**PROVIDED MATERIAL**
[Start of section]

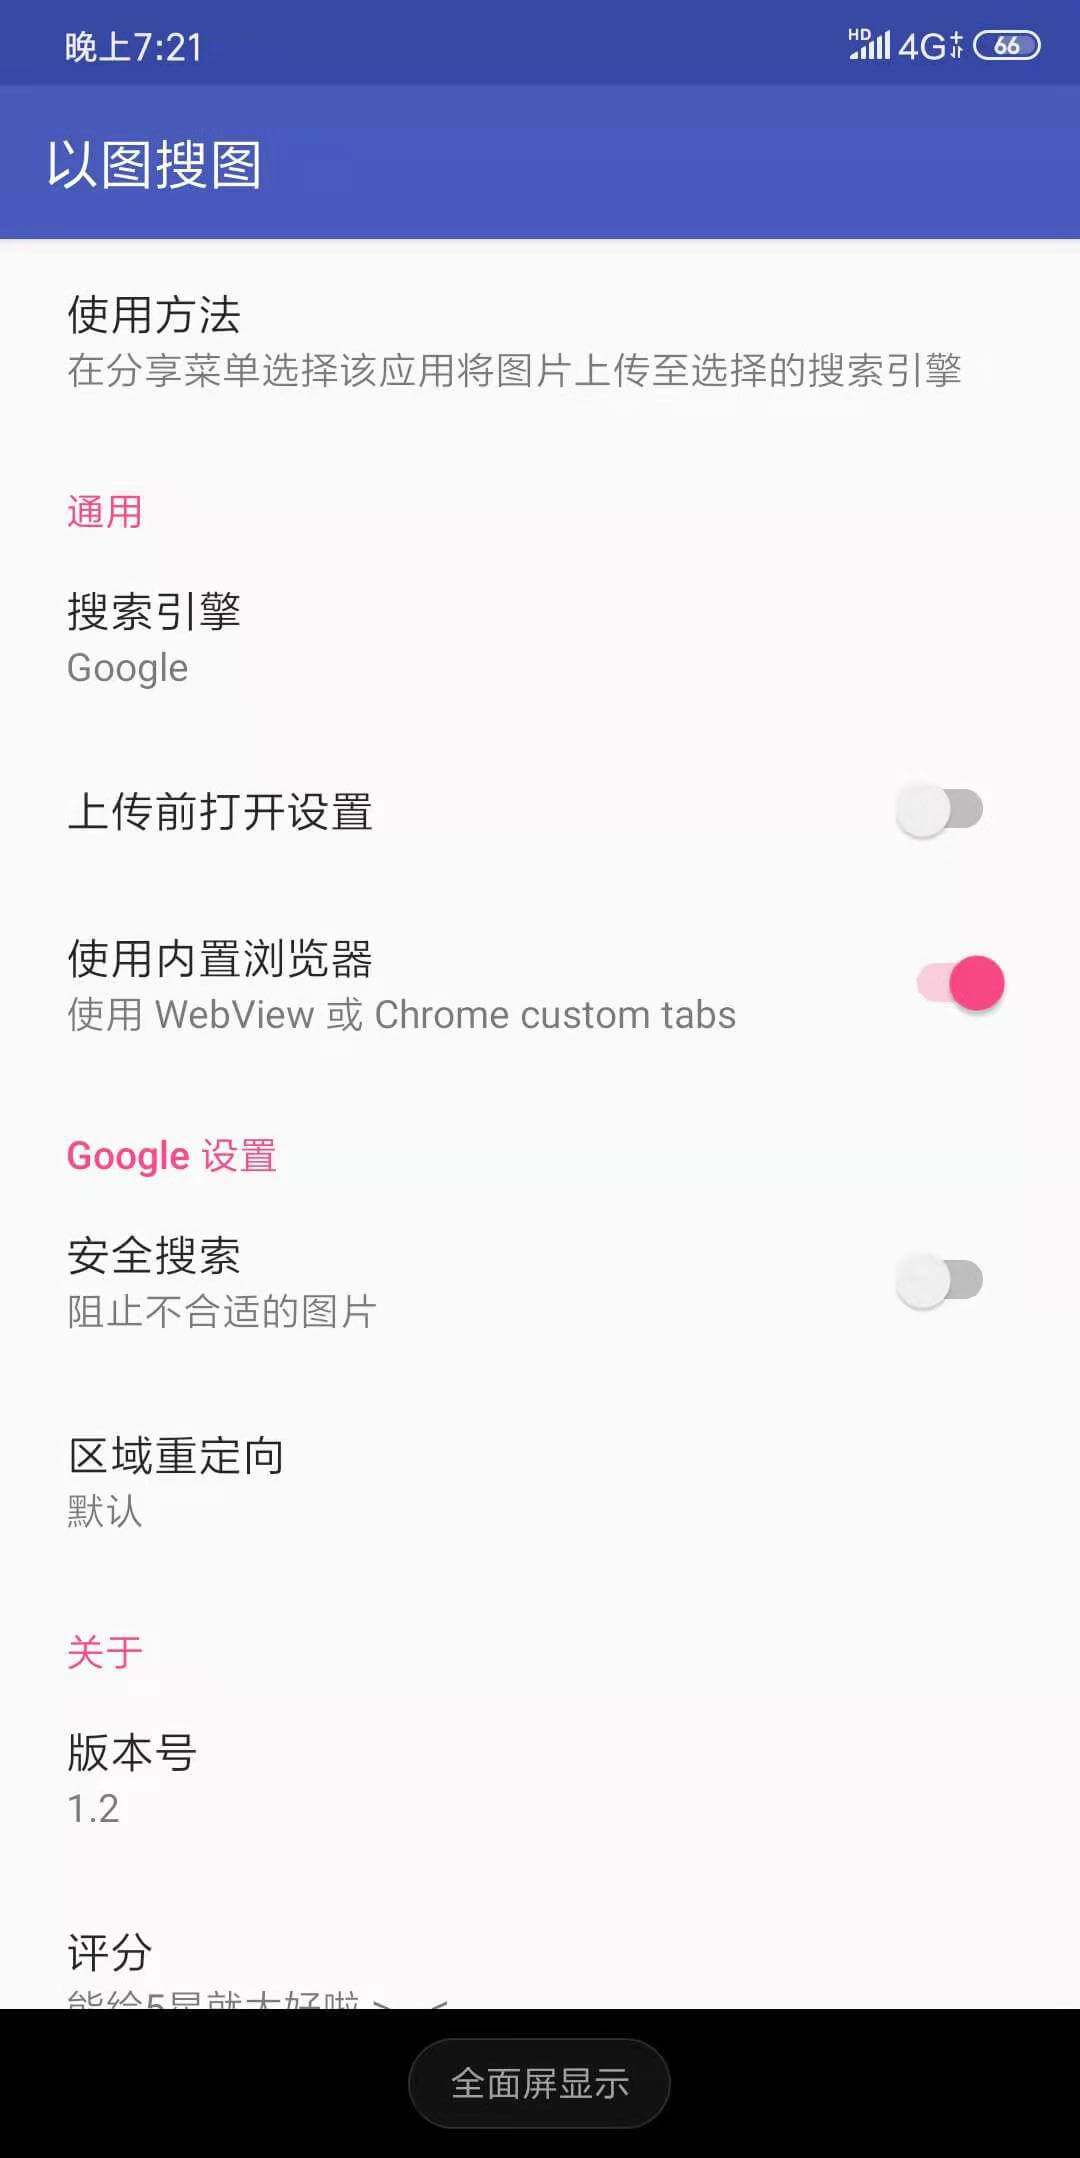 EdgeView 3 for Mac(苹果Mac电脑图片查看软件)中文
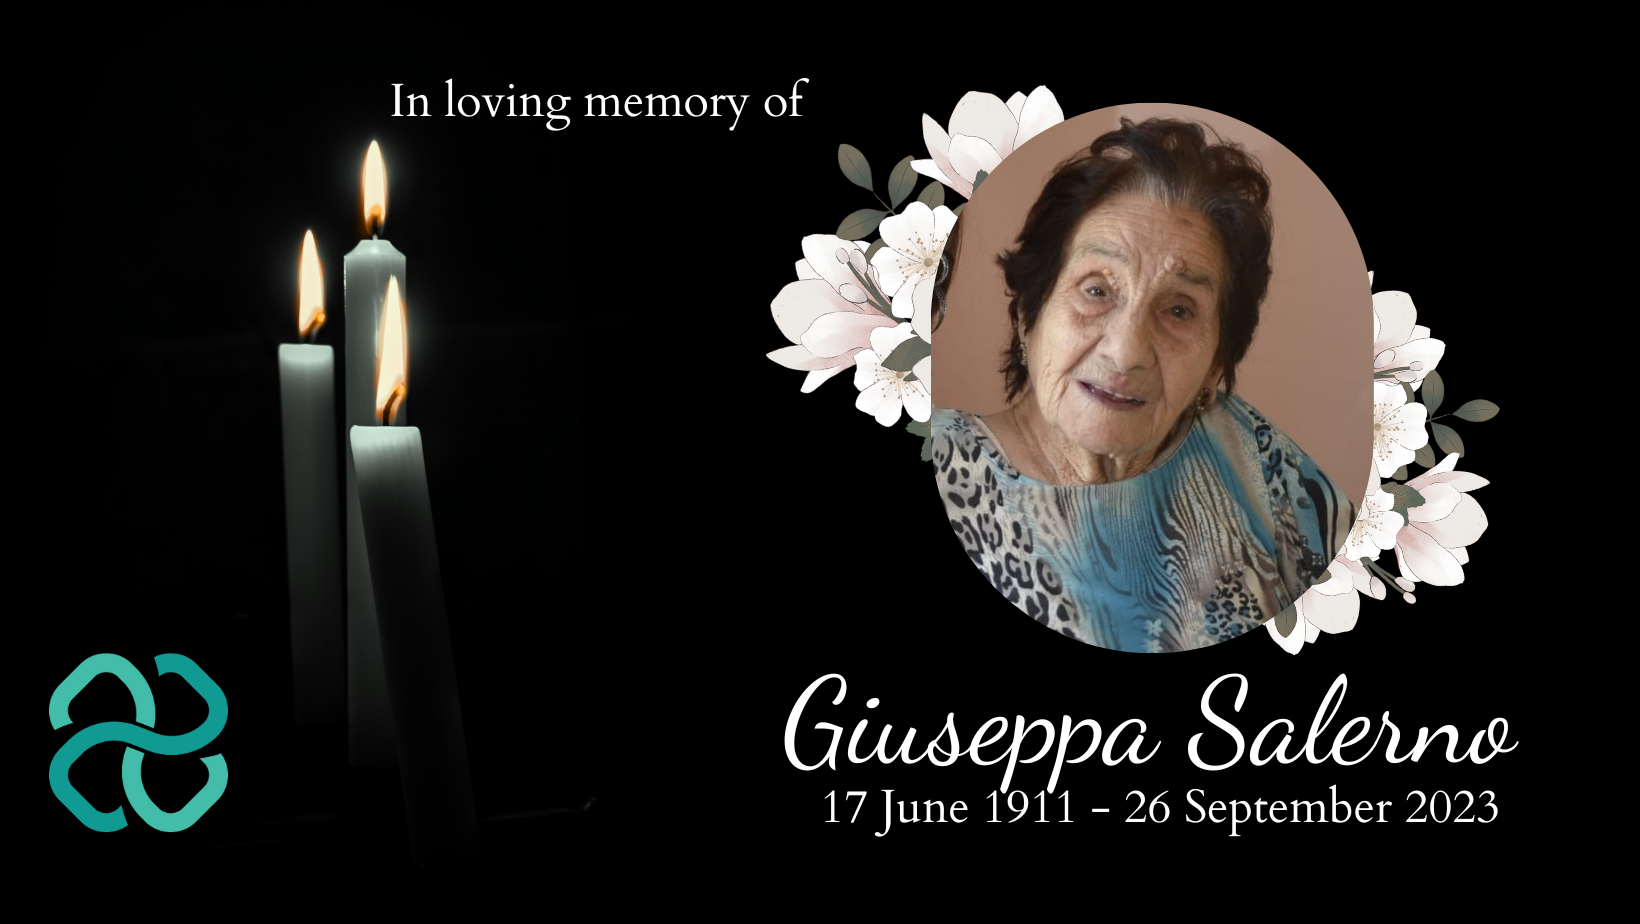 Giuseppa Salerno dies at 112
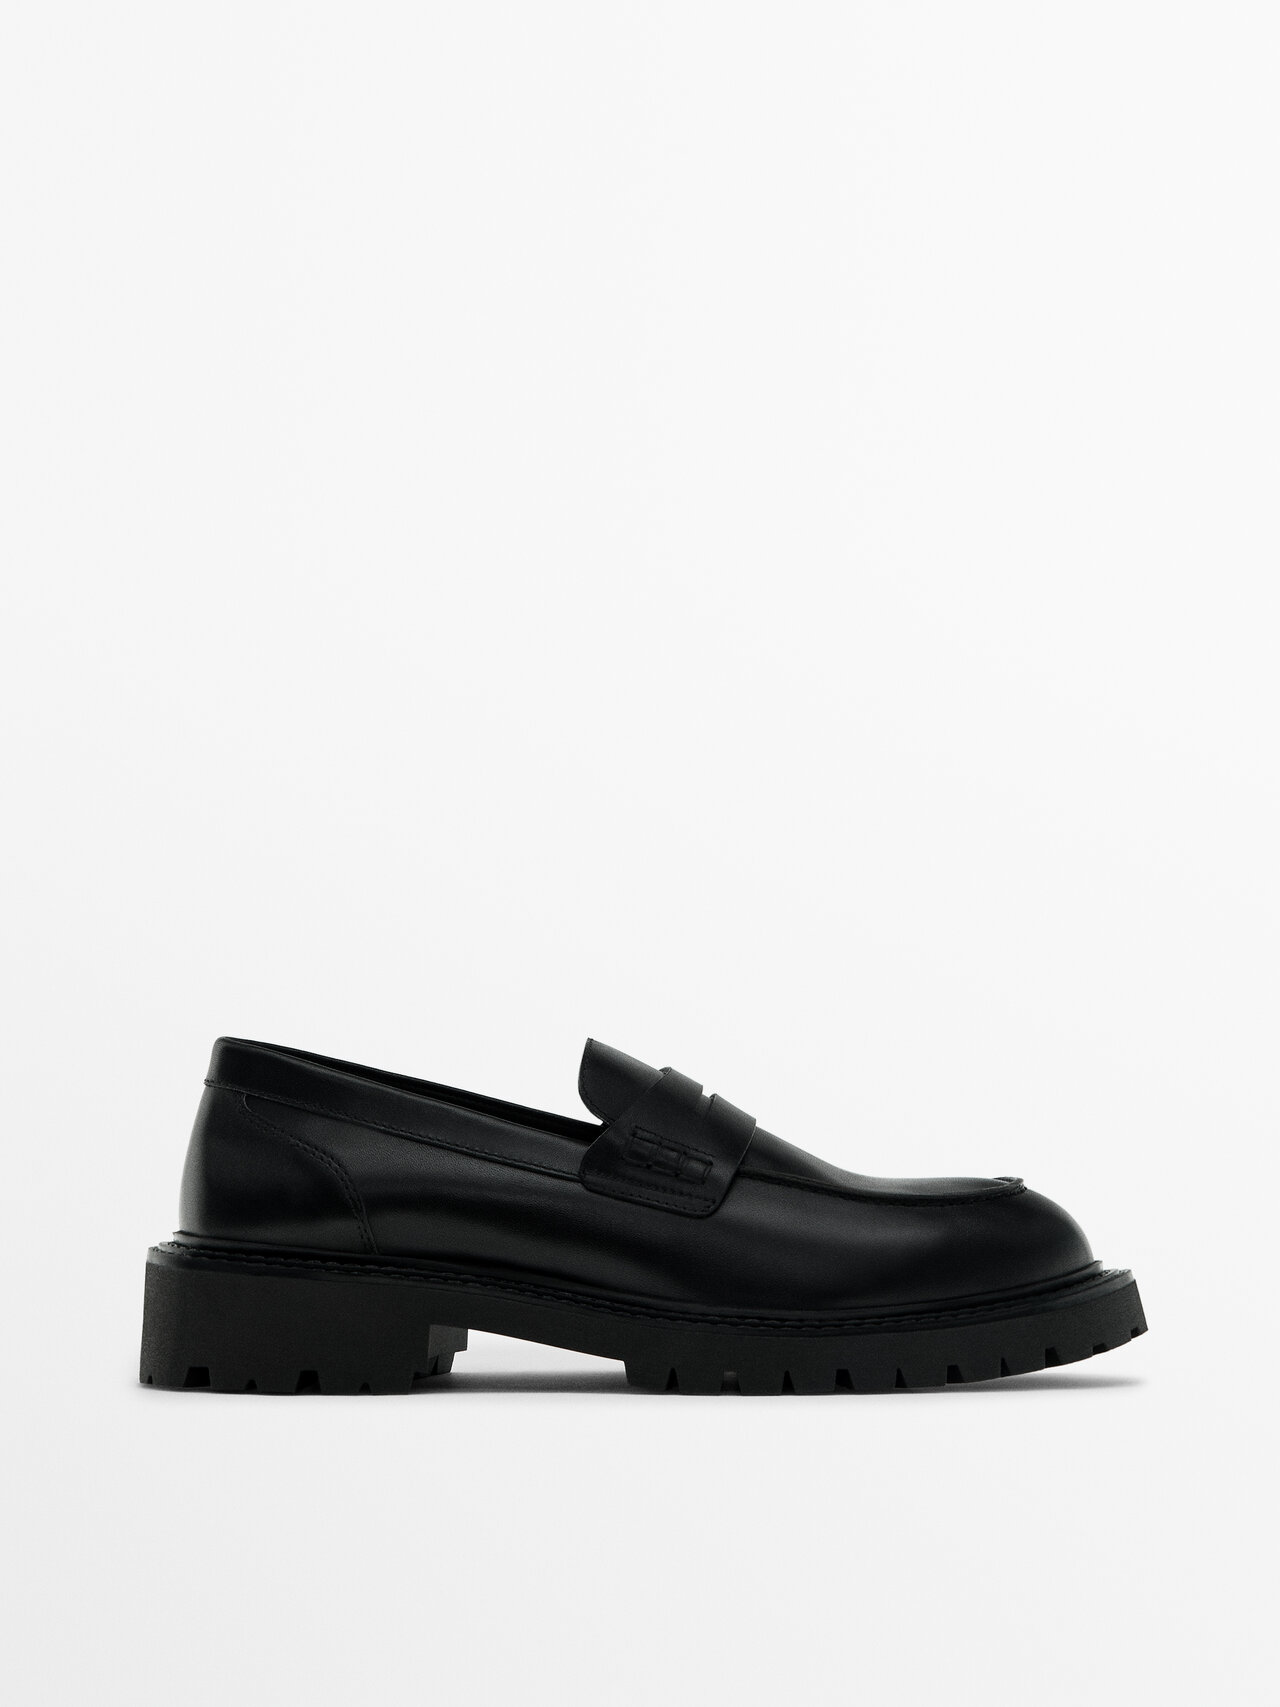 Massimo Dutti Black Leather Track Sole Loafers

[End of section]

**EXERCISE OBJECTIVE**
Find the line that contains "Giuseppa Salerno dies at 112". Copy it and every line after it through the end of the listing exactly, but not the pictures.

**WRITTEN SOLUTION**
 Giuseppa Salerno dies at 112
 Massimo Dutti Black Leather Track Sole Loafers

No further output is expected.